From the line containing "Puerta de Alcalá in" to the line containing "restaurant with broken window" in the records below, set down every line exactly as it stands, both ends included, and skip the pictures.

INFORMATION SUPPLIED
----
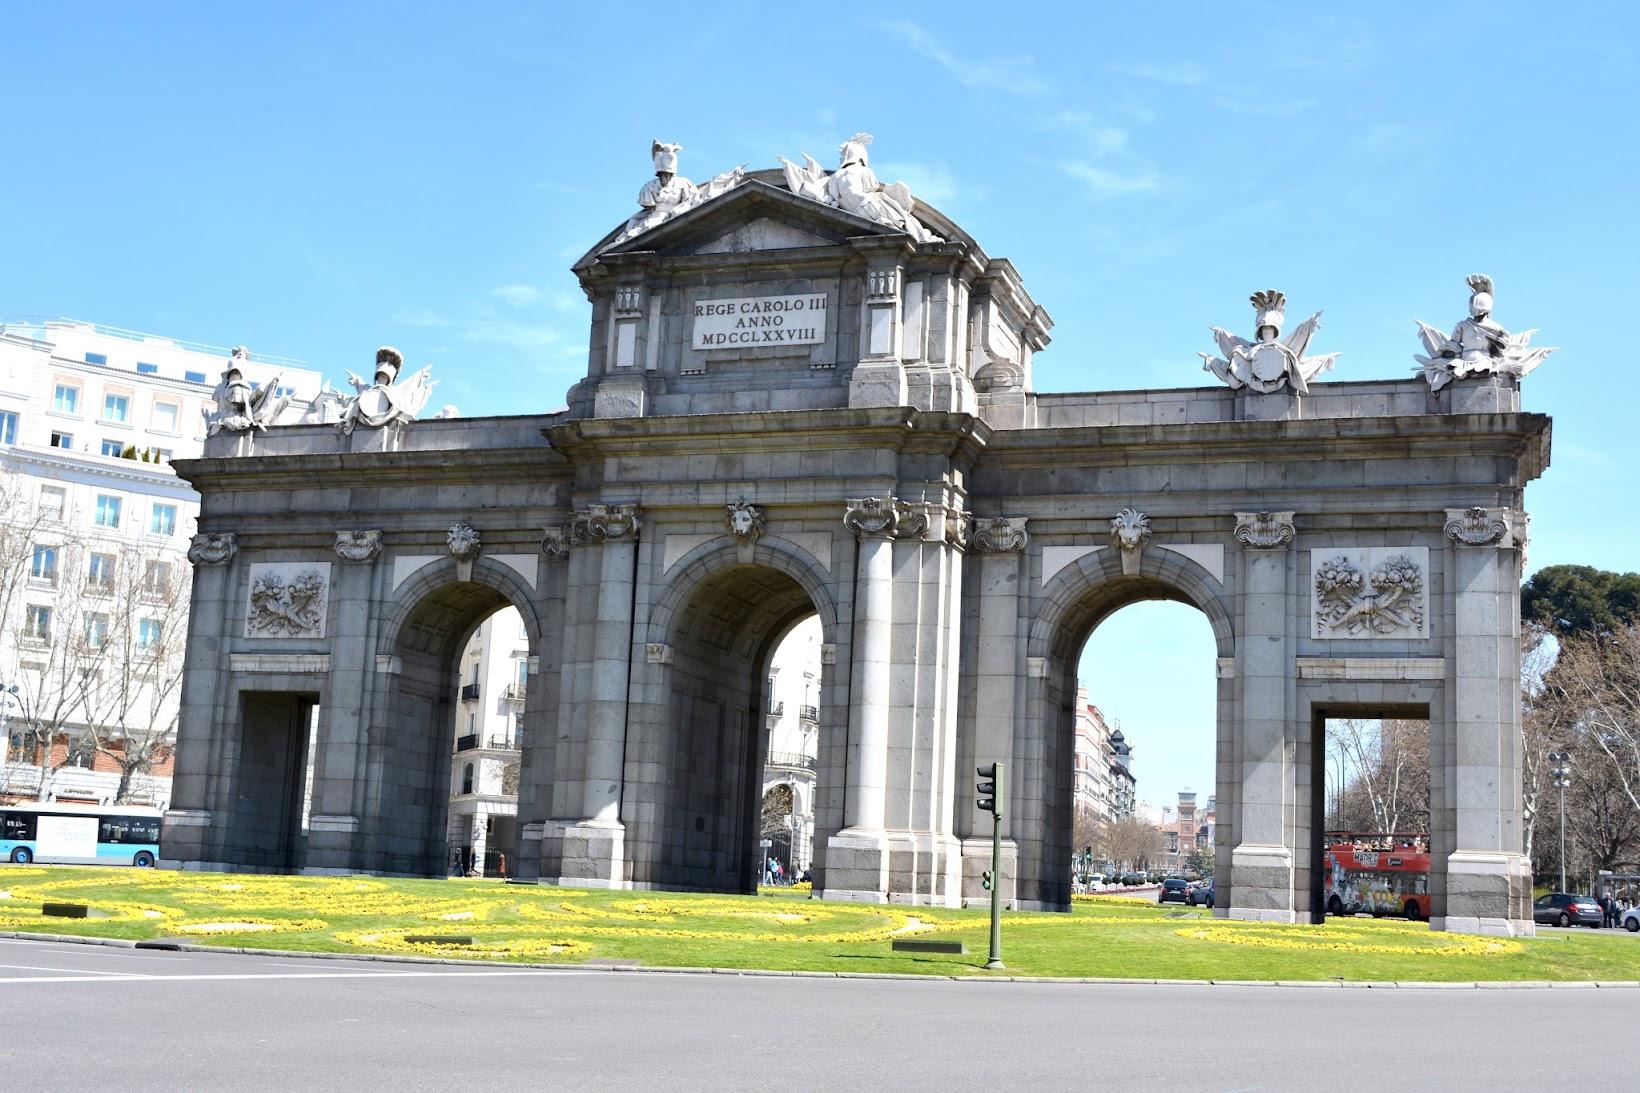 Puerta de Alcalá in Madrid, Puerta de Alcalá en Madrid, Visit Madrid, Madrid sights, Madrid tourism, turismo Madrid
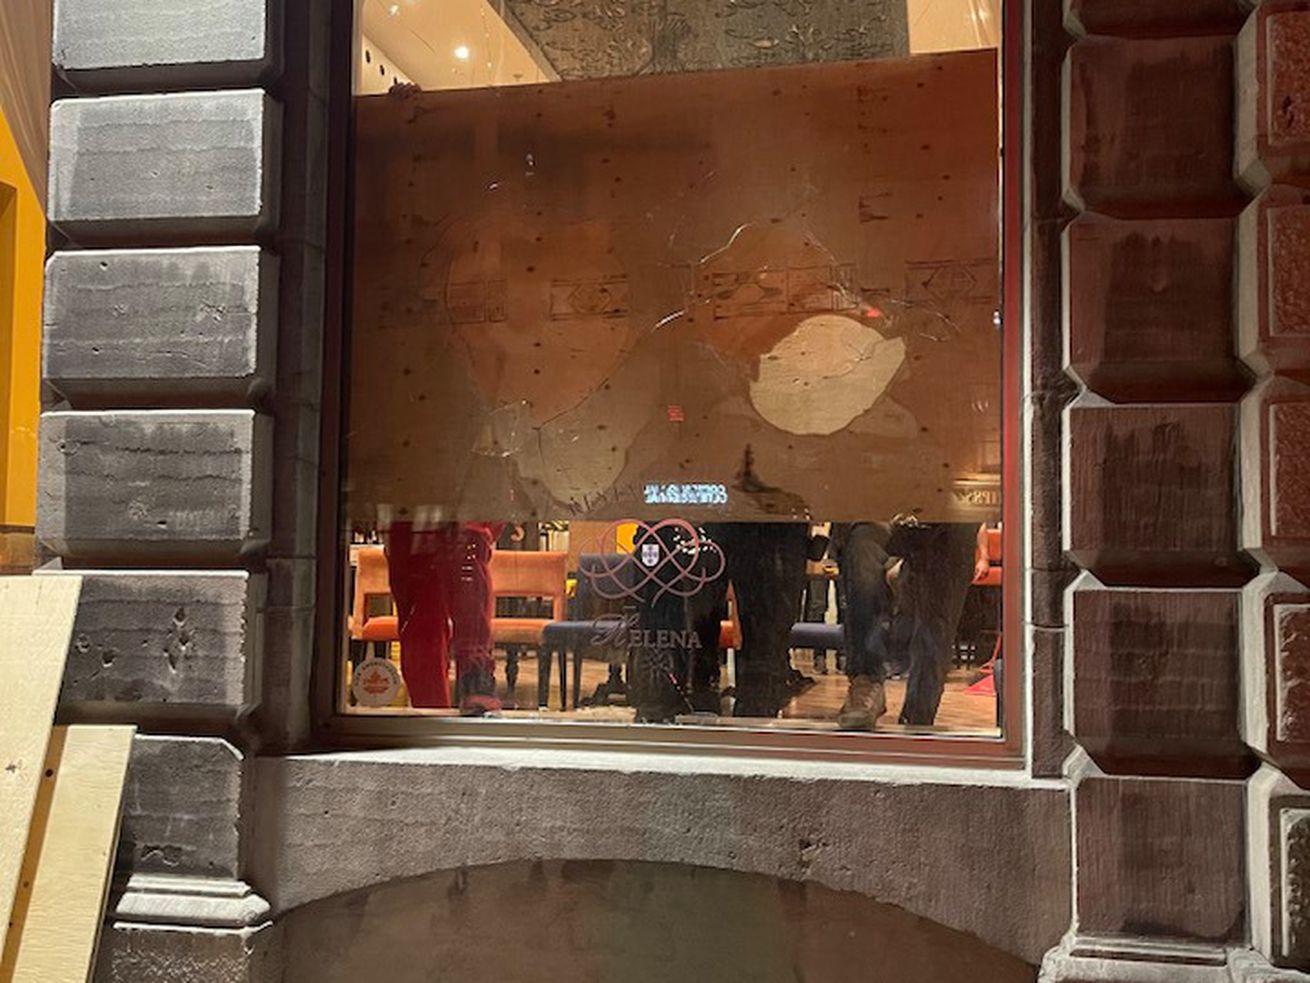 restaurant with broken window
----
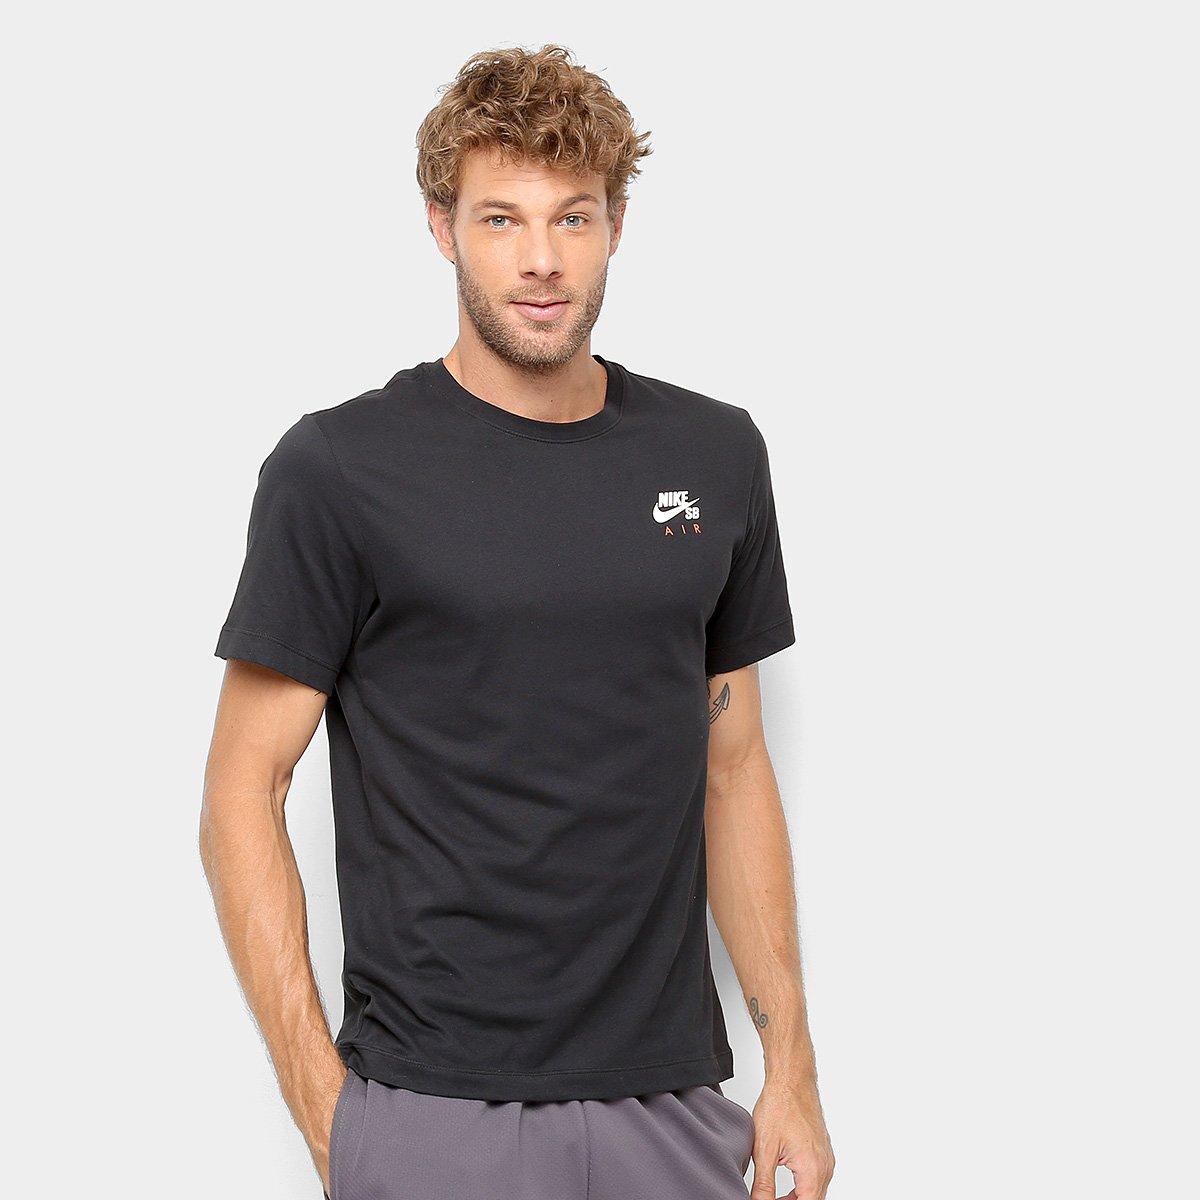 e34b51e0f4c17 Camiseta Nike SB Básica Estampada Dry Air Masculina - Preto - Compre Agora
----
TASK RESULT
 Puerta de Alcalá in Madrid, Puerta de Alcalá en Madrid, Visit Madrid, Madrid sights, Madrid tourism, turismo Madrid
 restaurant with broken window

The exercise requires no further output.